The books discussed, some of which are "protagonist[s] of high adventure" (2), are often linked with the authors' family stories, childhood memories, and scholarly research. Take, for example, the chapter entitled "Louisa May Alcott and a Harlem News Stand." In it, Stern, who is renowned as an Alcott scholar, recounts the story of her first copy of Little Women. The copy, "an unimportant Little, Brown reprint" (159), was given to Stern when she was eight years old, a gift from an English teacher who frequented the newsstand where Stern worked collecting pennies for papers. Readers of Rostenberg's and Stern's many books may recall the story of Stern's discovery of Alcott's pseudonymously written "sensation stories with . . . themes of violence, revenge, and sexual power struggles" (160). Alcott's writing experience served, of course, as the basis of "Jo March's other life—her double literary life—the life she led in secret as prolific producer of clandestine sensation stories" (158). The "recovery of the secret and unacknowledged Alcott narratives," Stern tells us, "probably had their beginning the day, so many decades ago, when a little girl stood at a news stand in Harlem and sold papers to an English Teacher who carried a copy of Little Women under her arm" (161).

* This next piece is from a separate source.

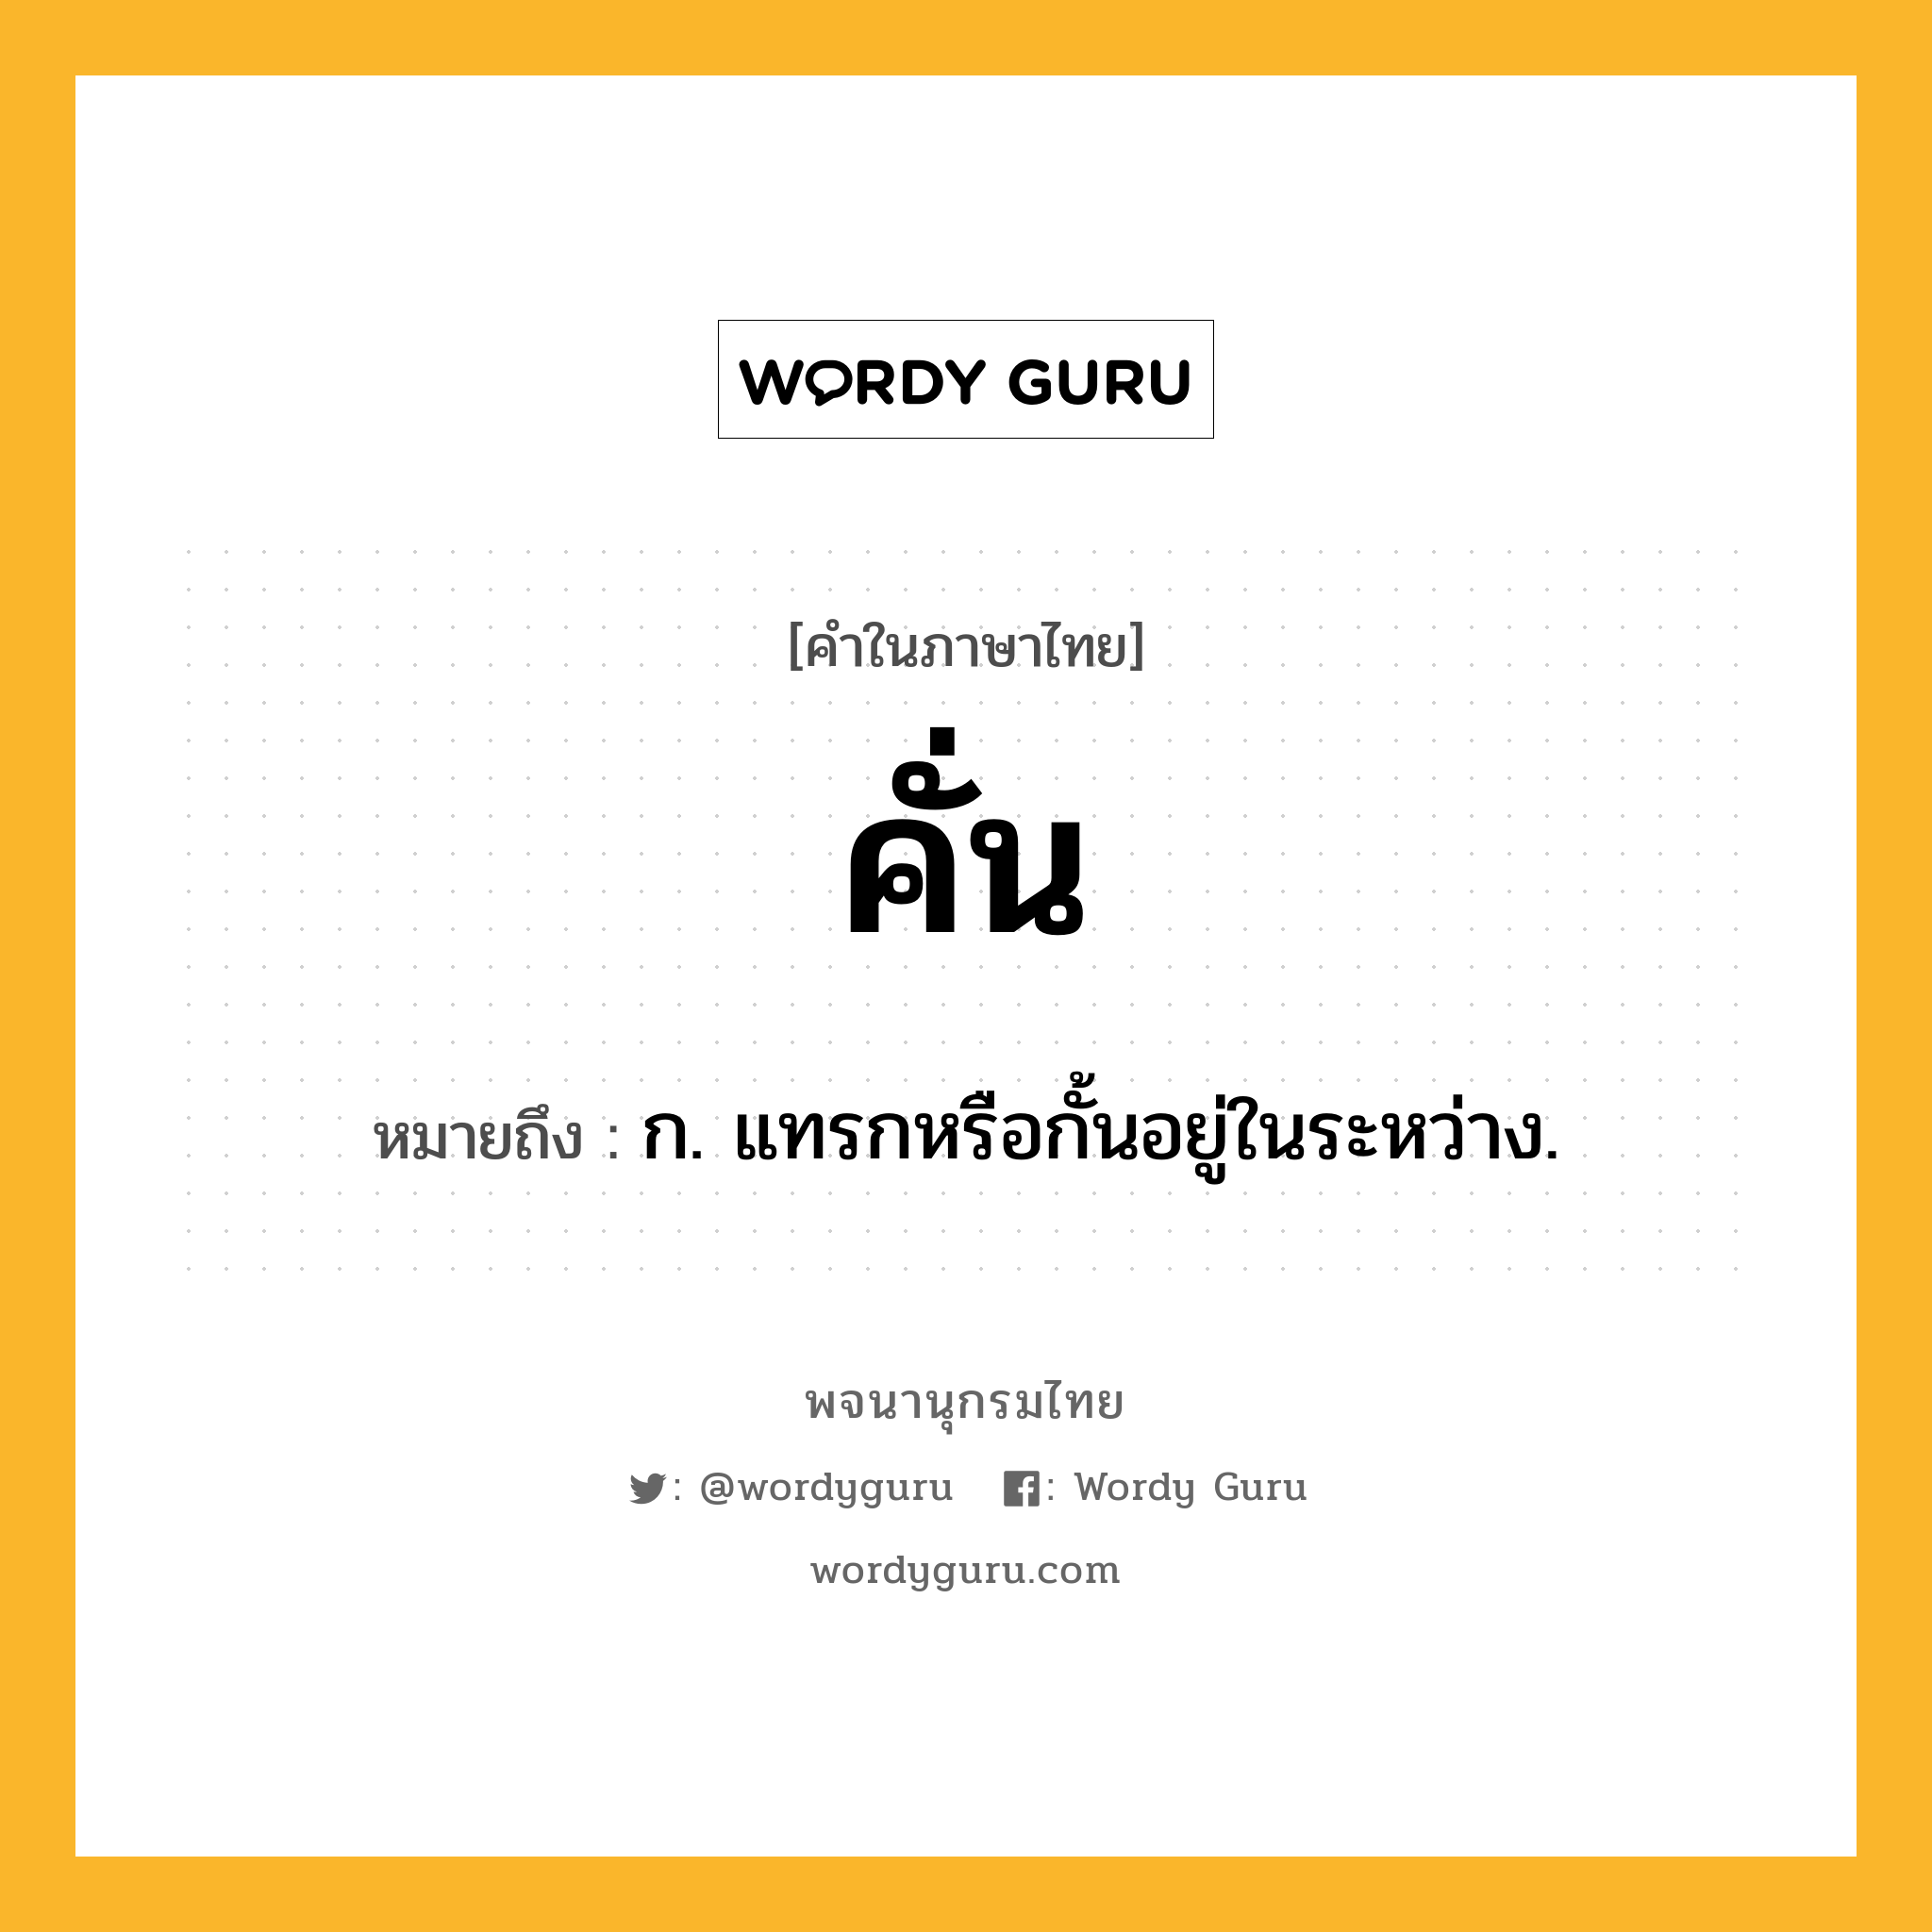 คั่น ความหมาย หมายถึงอะไร?, คำในภาษาไทย คั่น หมายถึง ก. แทรกหรือกั้นอยู่ในระหว่าง.

The history of another book, a specially bound copy of La Historia della Citta di Parma, published in 1591, includes a time in the possession of Leona Rostenberg's one-time employer, the "extremely knowledgeable and extremely irascible . . . rare book dealer Herbert Reichner," to whom Rostenberg served as "speechless secretary" (50). Years later, when Rostenberg and Stern acquired the book themselves, they traced its path to Reichner's collection, then to their own: [End Page 400] "The treasure bound for George Carew, bequeathed to a Stafford, passed on to Archbishop Laud, acquired by the Third Earl of Sunderland, moved to the Marlborough estate at Blenheim, gazed at perhaps by baby Winston Churchill, placed under the hammer, purchased and sold by Bernard Quaritch, given a transitory term with the Warrens of New York, surviving the shoe blacking of Herbert Reichner, placed again under the hammer, and settling finally with Leona Rostenberg" (53).

Whether recounting the discovery of possible Shakespeare sources, a forged volume of Shelley's sonnets, or the unearthing of a rare edition of Descartes's Passions of the Soul bound together with a forgettable volume, the authors retell their "expectant looking and grateful finding—the thrill of search and seize—not to mention the pleasure of directing books to their compatible destinations" (74). Throughout Books Have Their Fates, the authors return to the question, "by what long and circuitous route . . . had this enticing book become ours?" (51), and in response to this question, they have told the stories of many remarkable books. In addition, they have written an appealing memoir of scholarship, bibliographic detective work, and the book trade.